# EXERCISE AIM
Everything from the line with "#raffle #420fam #cannabis" through the last line of the data below should be copied exactly, apart from the pictures.

# DATA EXTRACT

--------------------------------------------------

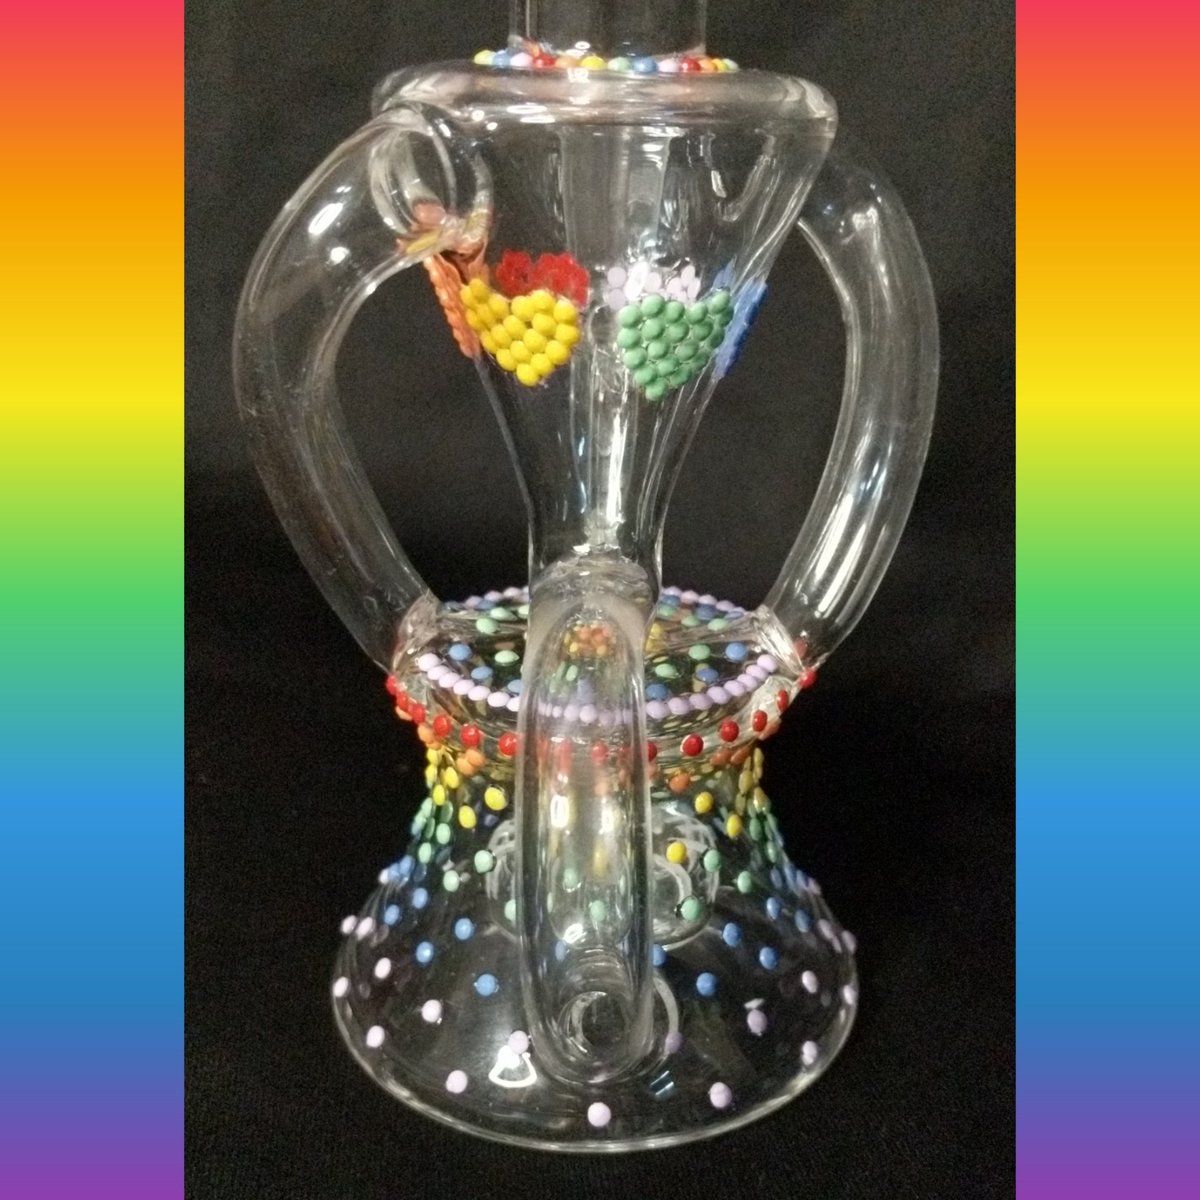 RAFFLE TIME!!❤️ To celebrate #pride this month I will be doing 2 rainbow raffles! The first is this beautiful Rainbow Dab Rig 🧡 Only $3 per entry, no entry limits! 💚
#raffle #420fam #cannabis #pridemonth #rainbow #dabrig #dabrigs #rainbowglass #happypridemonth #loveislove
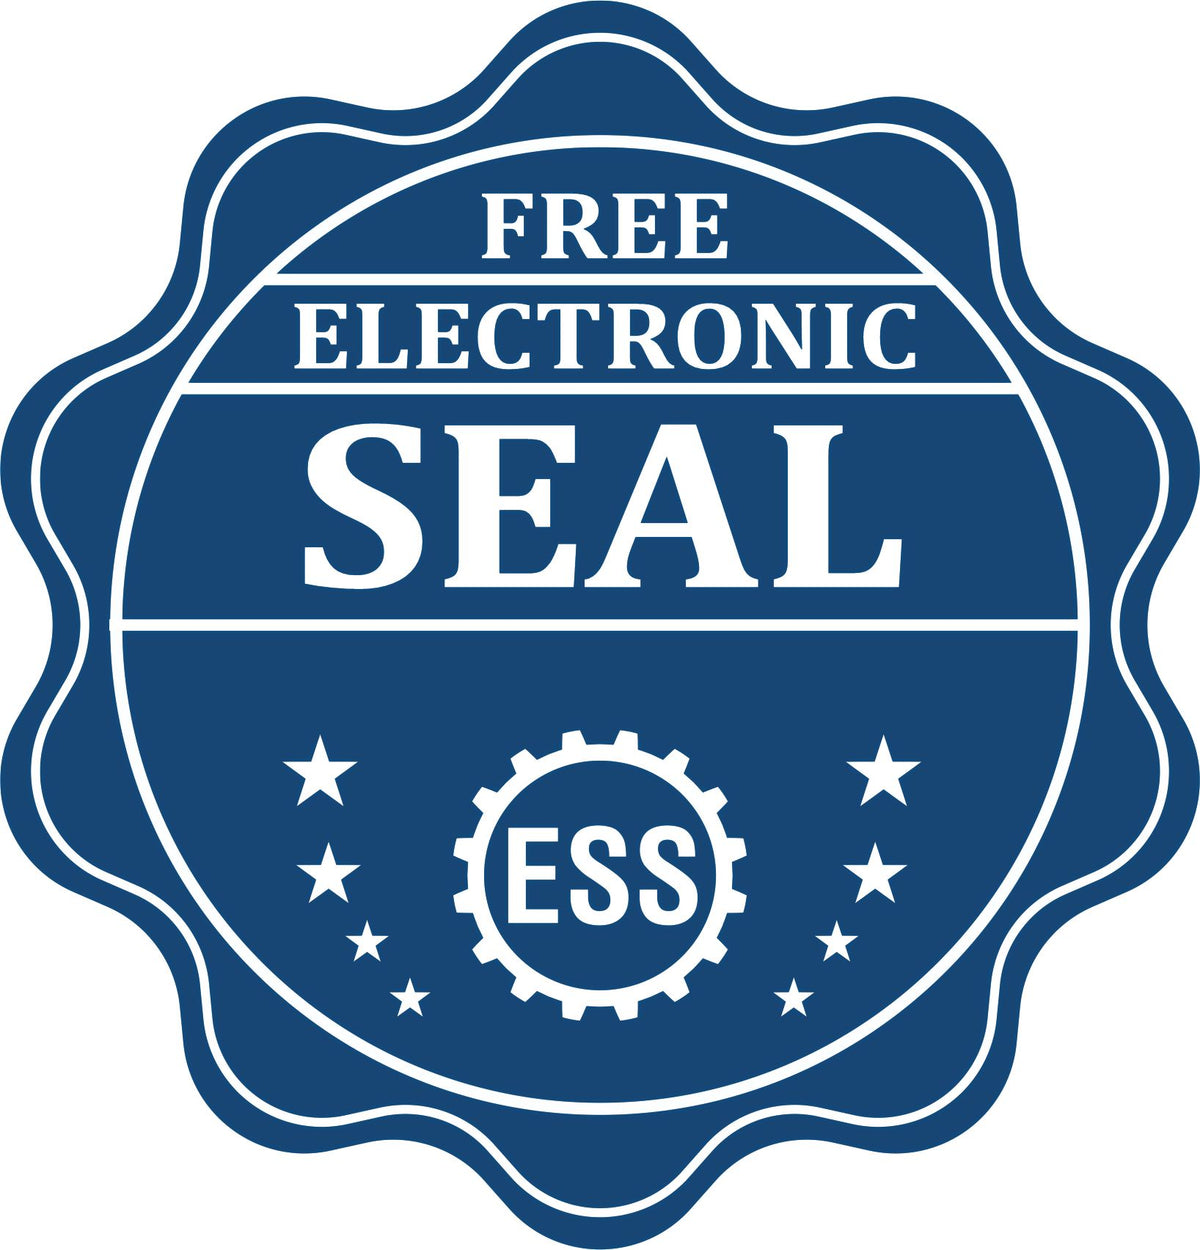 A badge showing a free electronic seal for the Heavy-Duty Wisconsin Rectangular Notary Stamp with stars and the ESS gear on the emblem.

--------------------------------------------------

# EXERCISE SOLUTION
#raffle #420fam #cannabis #pridemonth #rainbow #dabrig #dabrigs #rainbowglass #happypridemonth #loveislove
 A badge showing a free electronic seal for the Heavy-Duty Wisconsin Rectangular Notary Stamp with stars and the ESS gear on the emblem.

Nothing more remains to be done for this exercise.